Linoleic acid metabolism as well as the role of this omega-6 fatty in sustaining our health is rather intriguing. In fact, linoleic acid is a forerunner of arachidonic acid. It is possible to convert arachidonic acid into several molecules that are biologically active. This fatty acid is metabolized into prostaglandins that are one of the many other molecules that are called aseicosanoids.

Basically chemicals, prostaglandins have a variety of effects on our body. In fact, these chemicals can be found in all the cells of our body and our body requires them for its appropriate maintenance. There are several forms or varieties of prostaglandins and some of them have the potential to affect our body negatively. For example, some prostaglandins may result in inflammation, thereby causing pain in some diseases like arthritis.

It is worth mentioning here that all omega-3 fatty acids are basically polyunsaturated fatty acids. These polyunsaturated fatty acids have dissimilar number of dual bonds compared to the omega-6 fatty acids, such as linoleic acid. Humans mainly get their required omega-3 fatty acids from seafood in their diet. This is the main reason why several Western diets incorporate much less amounts of omega-3 fatty acids compared to diets of several other regions of the world.

Fatty acids belonging to the omega-3 class generate dissimilar varieties of eicosanoids compared to those produced by omega-6 fatty acids.

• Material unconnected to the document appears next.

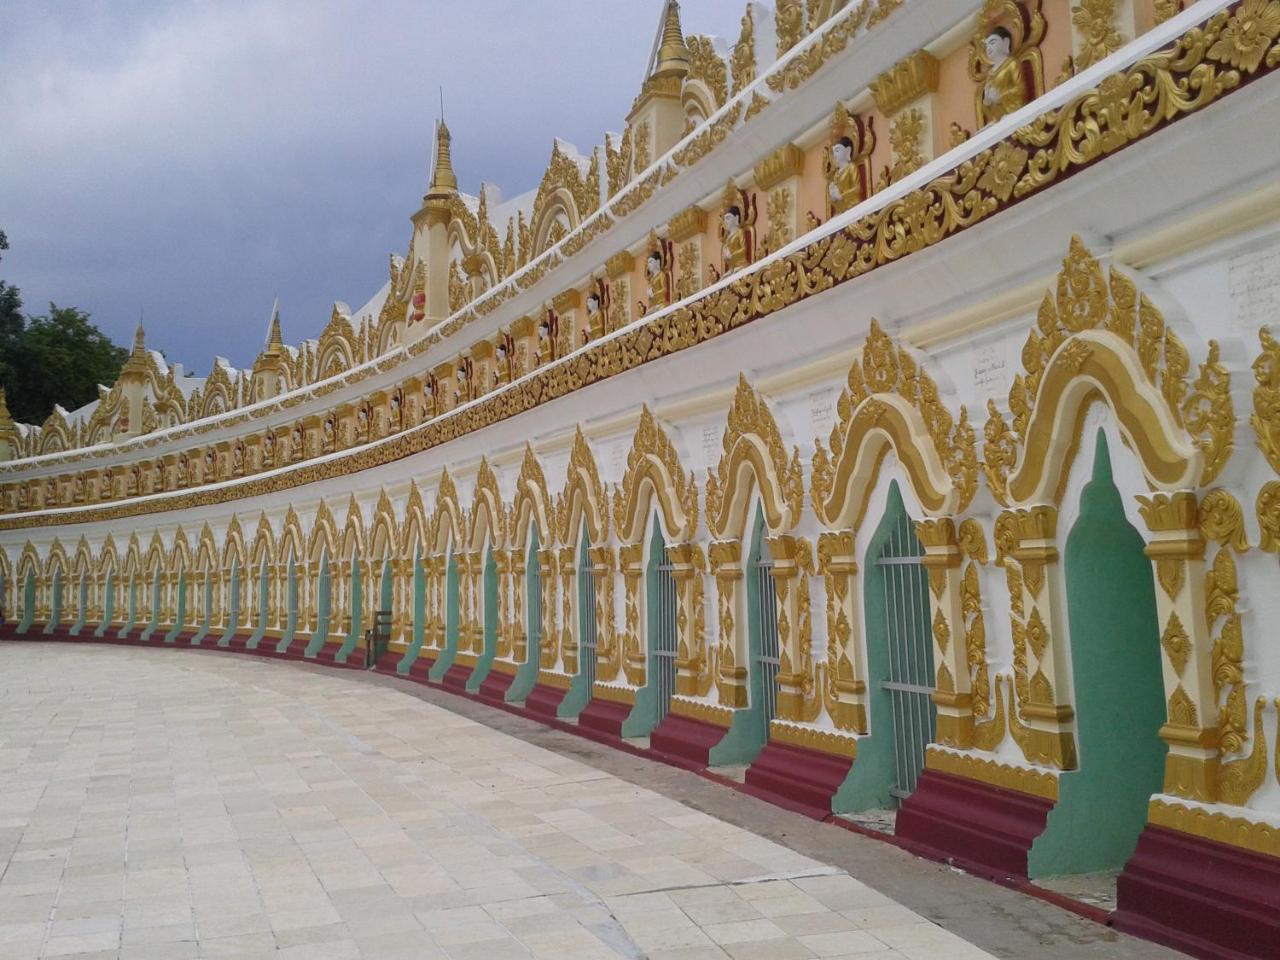 Moon Light Hotel Mandalay Exterior foto

In fact, those belonging to the omega-6 class have a greater potential of causing inflammation compared to the omega-3 types. It is believed that any diet that is very rich in omega-6 fatty acid content has harmful effects on our health. For instance, they may contribute to certain inflammatory conditions like rheumatoid arthritis.

Findings of several studies have suggested that people should intake lesser amounts of omega-6 fatty acids compared to omega-3 fatty acids in their diet with a view to reduce the risks of developing various ailments. Nevertheless, consumption of omega-6 fatty acids is still considered to be healthier compared to eating saturates as well as trans-fat fatty acids. In fact, there is strong evidence linking consumption of excessive amounts of dietary saturated as well as trans-fats and increased risks of developing cardiovascular diseases.

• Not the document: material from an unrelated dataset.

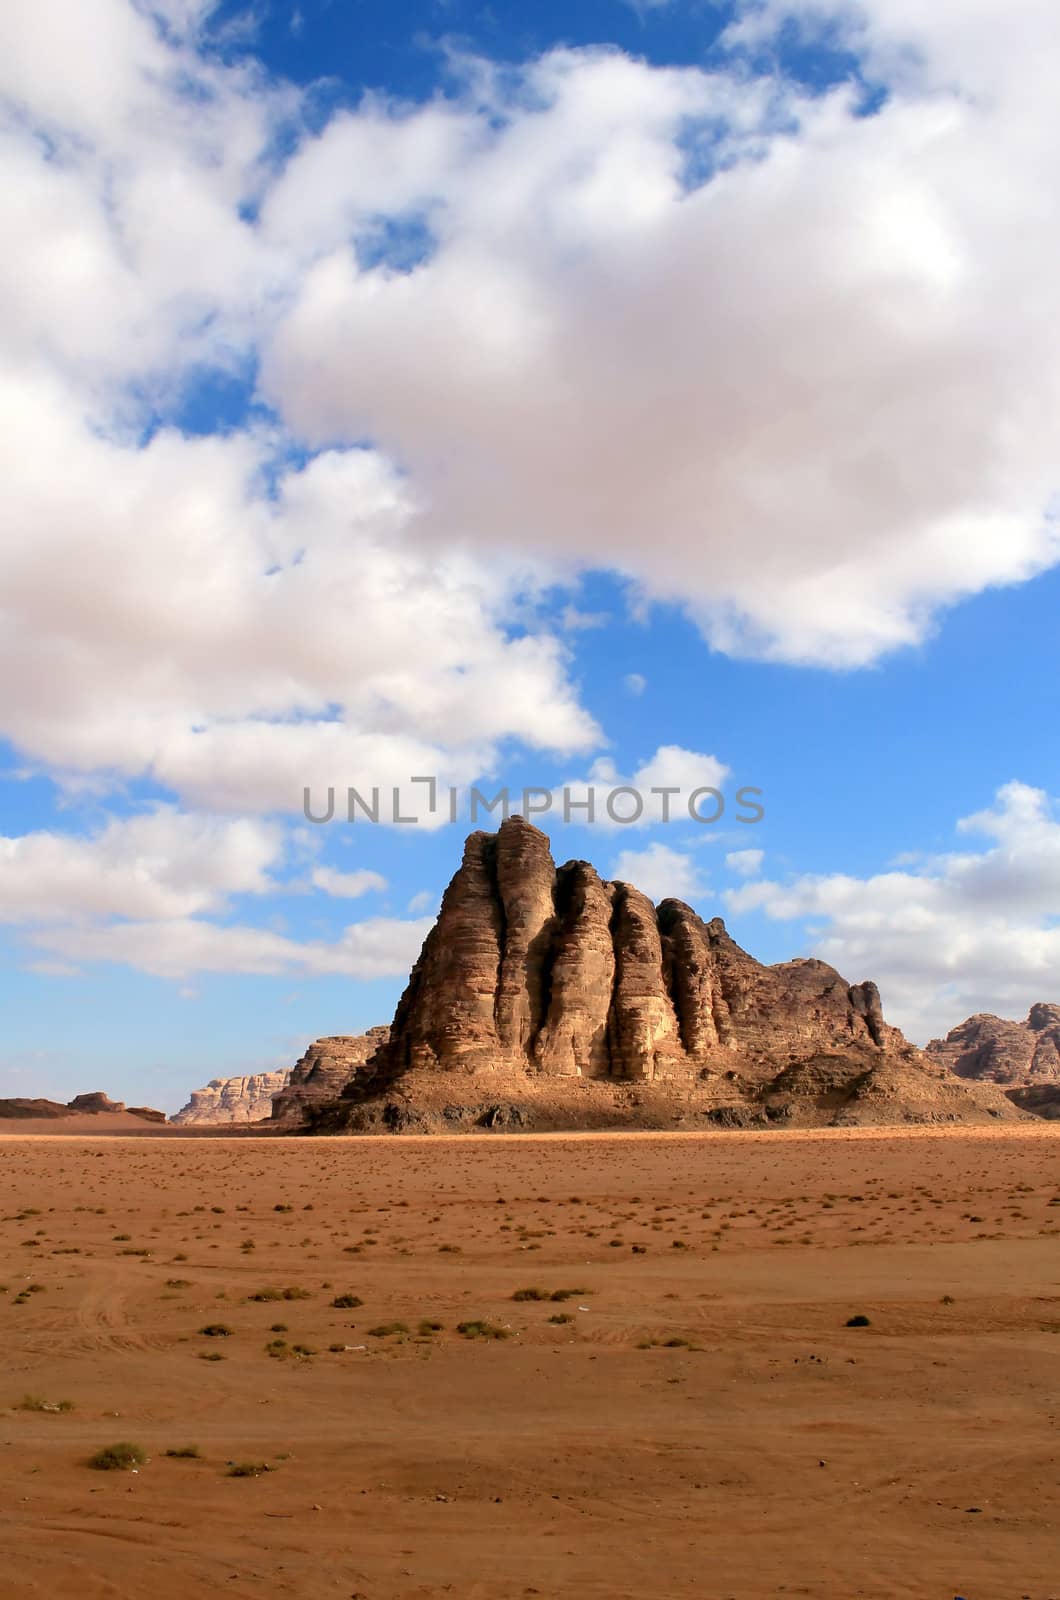 The "Seven Pillars of Wisdom" rock formation, Wadi Rum Desert be by ptxgarfield

It is necessary to consume omega-6 fatty acids because they are vital for the health as well as youthful appearance of our skin. These fats have a vital role in sustaining the skin's structural integrity and also maintain its ability to serve as a barrier against alien substances. Omega-6 fatty acids are also vital for synthesizing the eicosanoids - which are molecules that assist in regulating the inflammatory response of the skin. It has been seen that consumption of large amounts of essential fatty acids together with their topical application on the skin not only protect the skin from damages caused by UV rays, but also weaken the damages already done. At the same time, these essential fatty acids also inhibit the skin's natural aging process.

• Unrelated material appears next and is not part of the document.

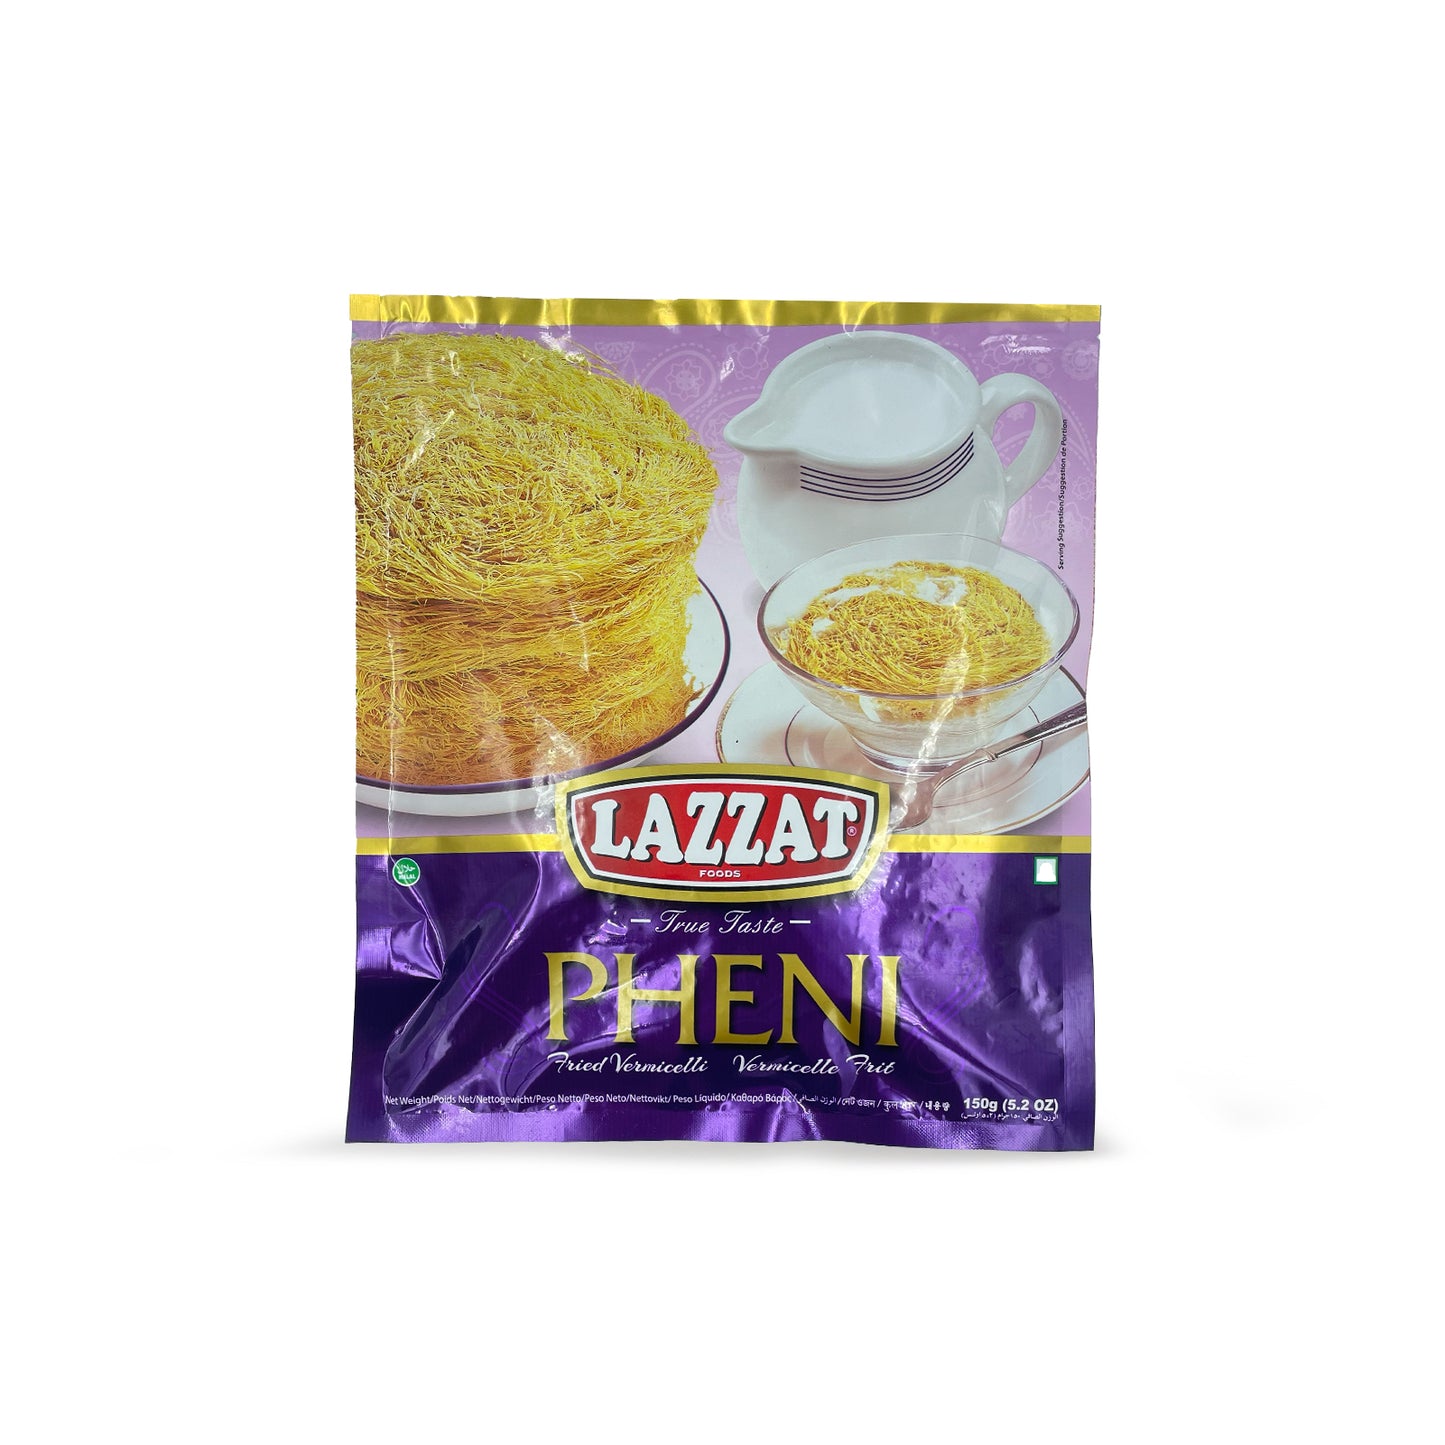 Lazzat Pheni (Fried Vermicelli) 150G

Ingestion of linoleic acid is very effective for augmenting the essential fatty acids concentration in the skin as well as the other systems of our body. They enable the body to use them whenever the need arises. In addition, linoleic acid can be applied topically on the skin for using this nutrient for the same purpose. A number of companies manufacturing skin care products include linoleic acid with a view to help their consumers take care of their skin better and make it healthier.

Side effects and cautions

Prior to starting consuming linoleic acid, it is important to inform your doctor if you are breastfeeding or pregnant. It has been found that when mothers have elevated levels of linoleic acid, while the level of other essential acids is less in their body, their offsprings face an increased risk of allergy or atopic disease. Diets that contain elevated levels of linoleic acid may also result in allergic inflammation in children. In such cases, the children develop red and itchy swellings.

In case you develop any adverse affects like allergic reactions, hives or itching, rash, swelling in the face or hand, tingling or swelling in the mouth or throat, breathing troubles, and/ or chest tightness after taking linoleic acid, contact your physician straight away.